One thing hidden somewhere in the CSS specifications is the fact that you can use four or eight digits to represent a hexadecimal color, three or six to represent the color and one or two to represent the alpha transparency. For clarity’s sake, the post will only cover the eight-digit version.
What is this?
If you’re familiar with the RGB/RGBA color space in CSS you will see two different types of color, one solid color and one with some level of transparency.
RGB colors use values from 0 to 255 or 1 to 100% to represent color and values from 0 to 1 to represent transparency.
The example below shows an example of RGB and RGBA colors and how they look in the browser.
Partially transparent: rgba(6,52,164, .45)
Fully Opaque: rgba(6,52,164, 1)
Hex and Hex + Transparency Colors
For most developers (myself among them), Hexadecimal (hex) colors are the first type of colors we’ve used with CSS.
It came as a surprise that you could expand the format to include alpha channel transparency.

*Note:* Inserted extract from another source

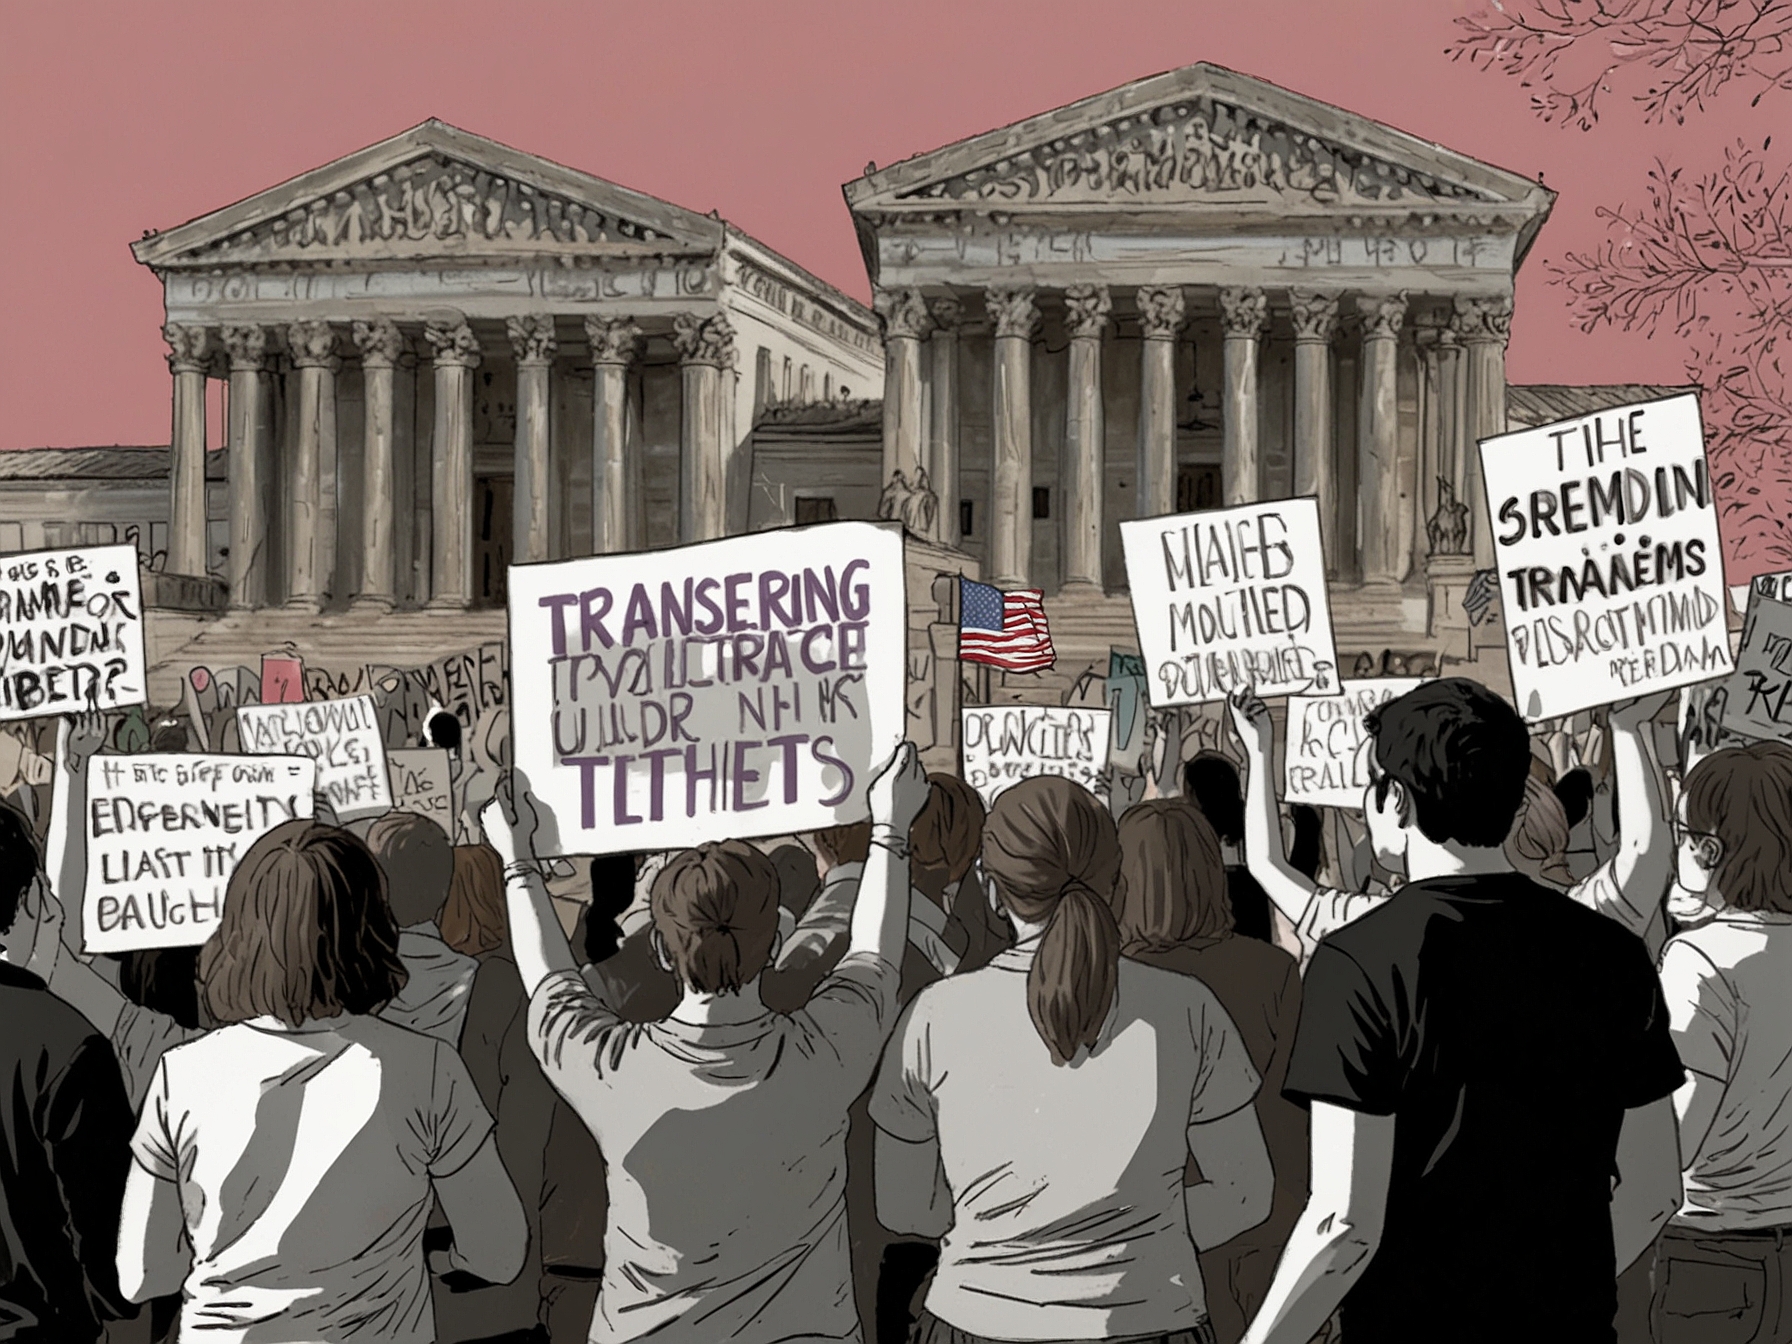 Protesters with signs advocating for transgender youth rights emphasize the contentious national debate as the Supreme Court prepares to rule on crucial healthcare access issues.

The following examples show three of the syntaxes available for Hex colors:
- The traditional 6 digit syntax
- The “new” 8 color syntax using full opacity
- The “new” syntax using transparency
Fully Opaque:; #0634a4
Fully Opaque (with trasparency): #0634a4ff
Partially transparent: #0634a466
The hardest part of this is to figure out how transparency works in hexadecimal numbers.
Remember that RGBA colors work with transparency between 0 and 1, but working with values from 00 to FF is conceptually harder (at least for me). It’ll take a lot of trial and error to get the numbers right.
Browser support is pretty good with Edge, the last outlier coming into the fold once the Chromium version of Edge goes into regular release.